All of the examples use real data, and describe patterns found in many problem domains:
-
Statistical Summaries
-
Identify patterns and groups in the data
-
Searching, filtering and herding records in bulk
-
Advanced queries against spatial or time-series data sets.
This is not a beginner’s book. The emphasis on simplicity and fun should make it especially appealing to beginners, but this is not an approach you’ll outgrow. The emphasis is on simplicity and fun because it’s the most powerful approach, and generates the most value, for creative analytics: humans are important, robots are cheap. The code you see is adapted from programs we write at Infochimps. There are sections describing how and when to integrate custom components or extend the toolkit, but simple high-level transformations meet almost all of our needs.
Most of the chapters have exercises included. If you’re a beginning user, I highly recommend you work out at least one exercise from each chapter. Deep learning will come less from having the book in front of you as you read it than from having the book next to you while you write code inspired by it. There are sample solutions and result datasets on the book’s website.
Feel free to hop around among chapters; the application chapters don’t have large dependencies on earlier chapters.
You should be familiar with at least one programming language, but it doesn’t have to be Ruby. Ruby is a very readable language, and the code samples provided should map cleanly to languages like Python or Scala. Familiarity with SQL will help a bit, but isn’t essential.

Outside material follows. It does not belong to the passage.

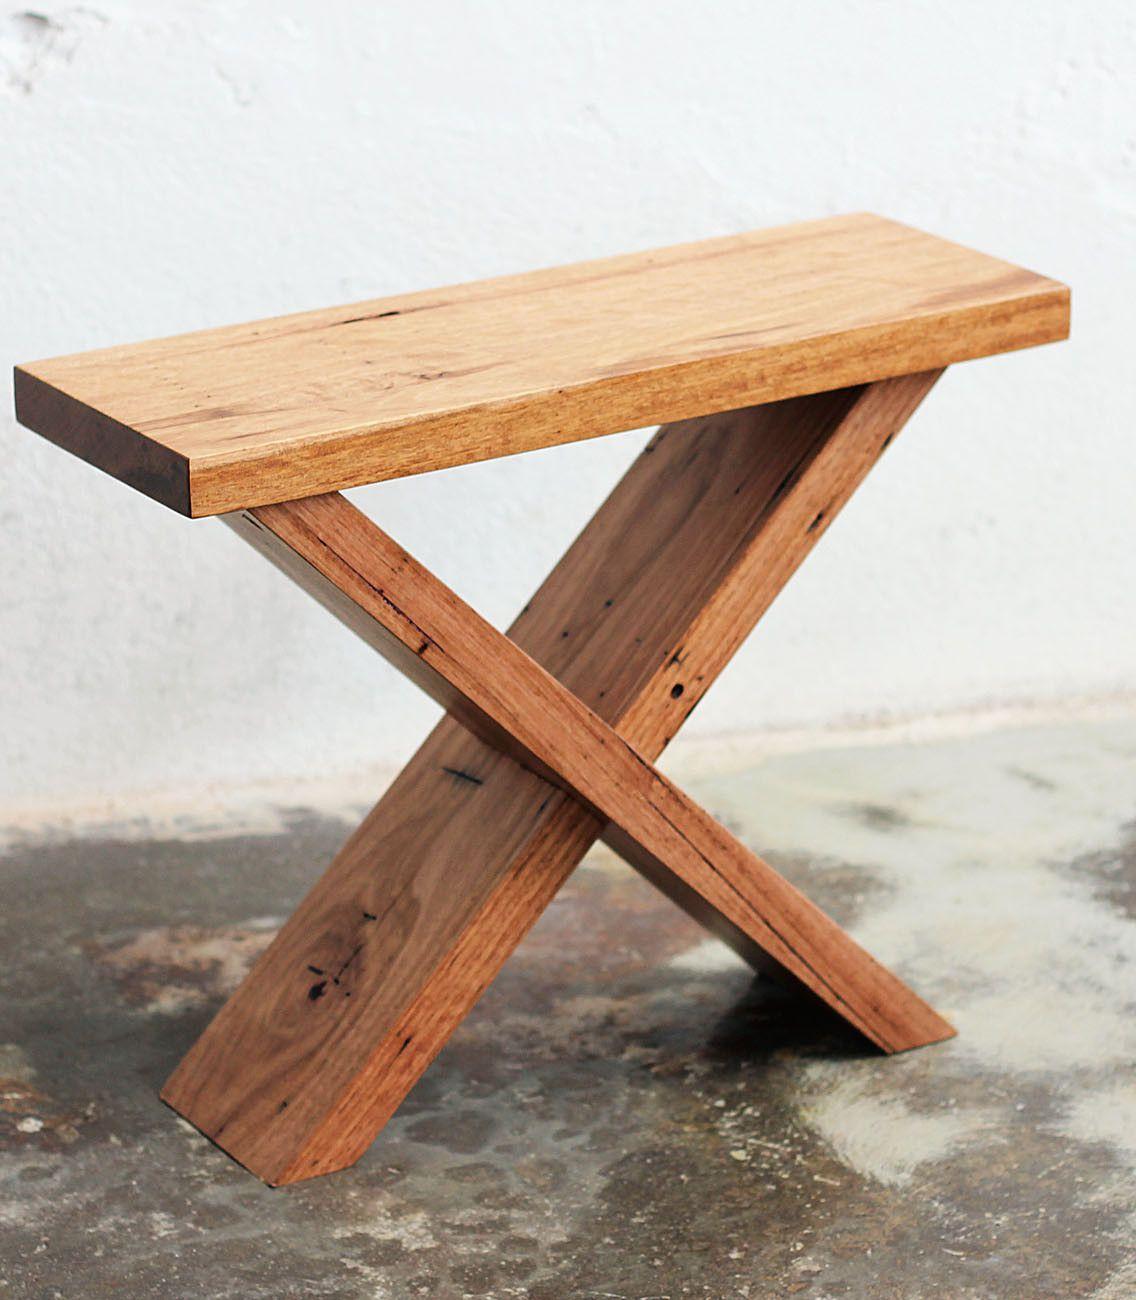 Kit Kat - Recycled Timber Furniture Melbourne, Yard ...

This book picks up where the internet leaves off — apart from cheatsheets at the end of the book, I’m not going to spend any real time on information well-covered by basic tutorials and core documentation.
All of the code in this book will run unmodified on your laptop computer and on an industrial-strength Hadoop cluster (though you will want to use a reduced data set for the laptop). You do need a Hadoop installation of some sort, even if it’s a single machine. While a multi-machine cluster isn’t essential, you’ll learn best by spending some time on a real environment with real data. Appendix (TODO: ref) describes your options for installing Hadoop.

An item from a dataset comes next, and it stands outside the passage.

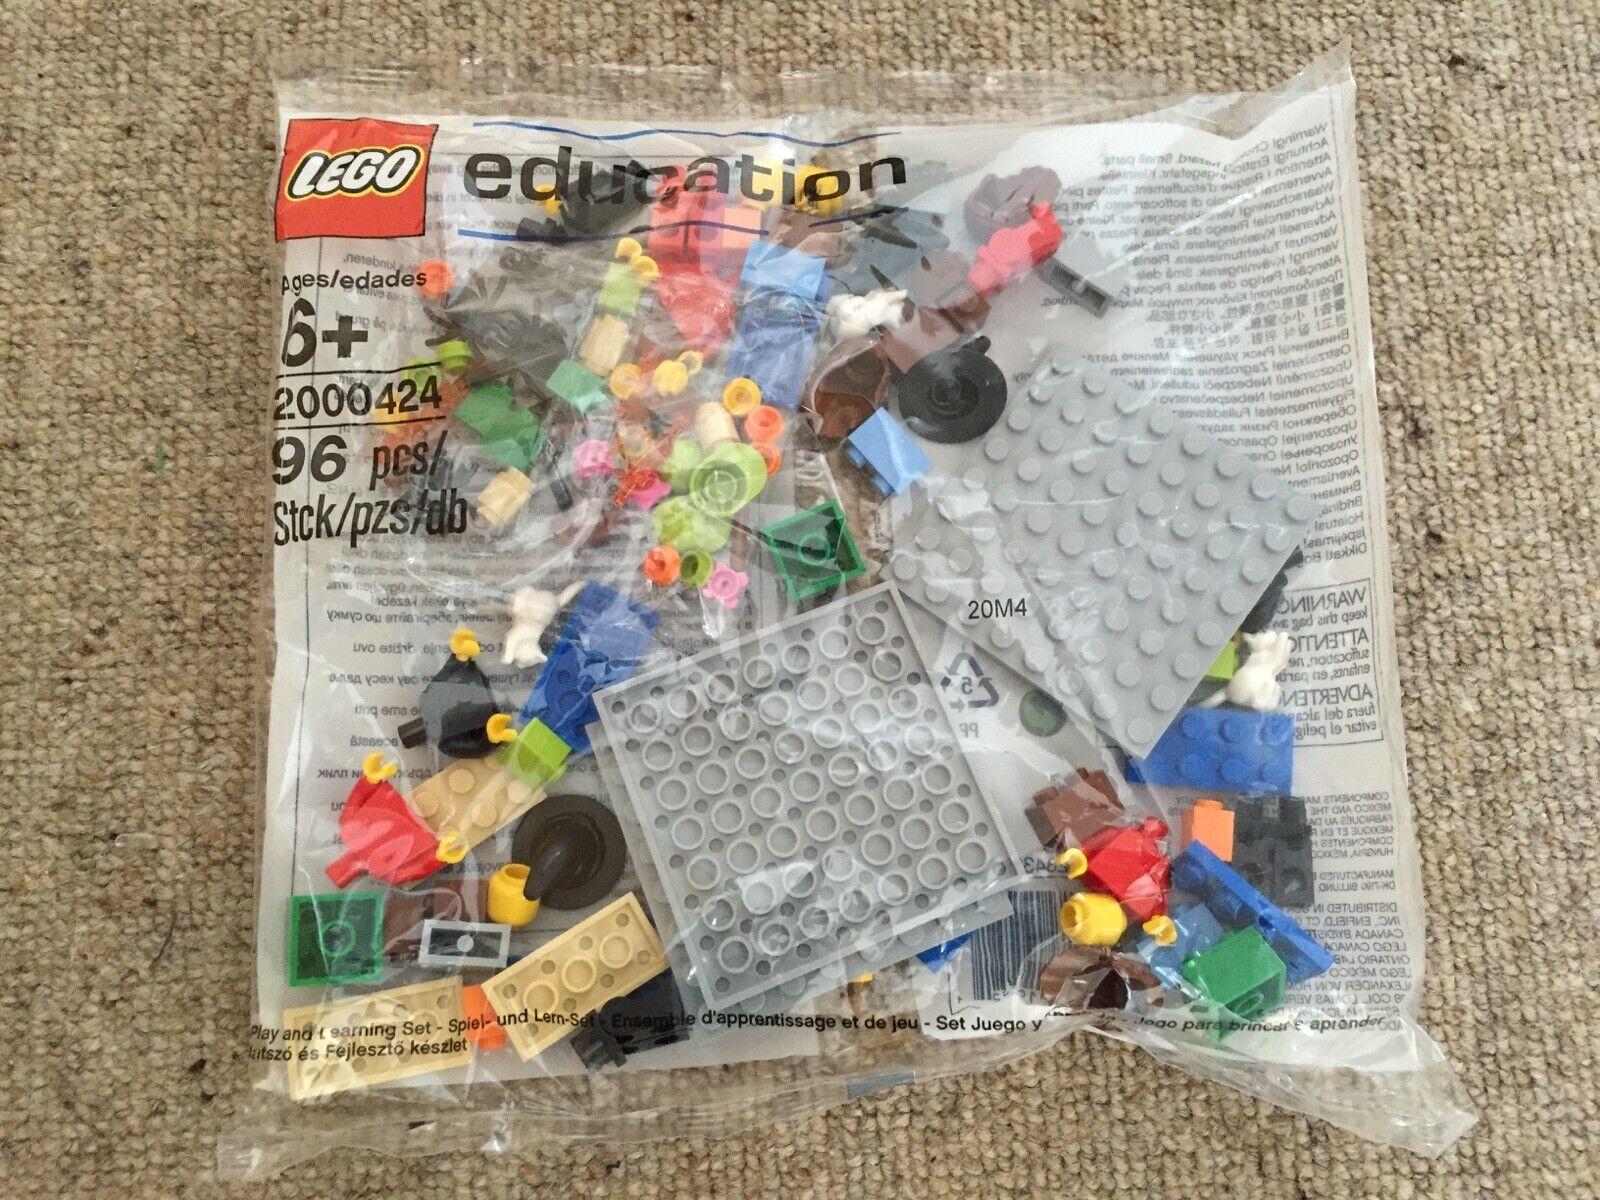 LEGO 2000424 EDUCATION - STORY STARTER SAMPLE SET - SEALED POLYBAG - RARE

Most importantly, you should have an actual project in mind that requires a big data toolkit to solve — a problem that requires scaling out across multiple machines. If you don’t already have a project in mind but really want to learn about the big data toolkit, take a quick browse through the exercises. At least a few of them should have you jumping up and down with excitement to learn this stuff.
This is not "Hadoop the Definitive Guide" (that’s been written, and well); this is more like "Hadoop: a Highly Opinionated Guide". The only coverage of how to use the bare Hadoop API is to say "In most cases, don’t". We recommend storing your data in one of several highly space-inefficient formats and in many other ways encourage you to willingly trade a small performance hit for a large increase in programmer joy. The book has a relentless emphasis on writing scalable code, but no content on writing performant code beyond the advice that the best path to a 2x speedup is to launch twice as many machines.
That is because for almost everyone, the cost of the cluster is far less than the opportunity cost of the data scientists using it. If you have not just big data but huge data — let’s say somewhere north of 100 terabytes — then you will need to make different tradeoffs for jobs that you expect to run repeatedly in production.
The book does have some content on machine learning with Hadoop, on provisioning and deploying Hadoop, and on a few important settings. But it does not cover advanced algorithms, operations or tuning in any real depth.
I plan to push chapters to the publicly-viewable 'Hadoop for Chimps' git repo as they are written, and to post them periodically to the Infochimps blog after minor cleanup.
We really mean it about the git social-coding thing — please comment on the text, file issues and send pull requests. However! We might not use your feedback, no matter how dazzlingly cogent it is; and while we are soliciting comments from readers, we are not seeking content from collaborators.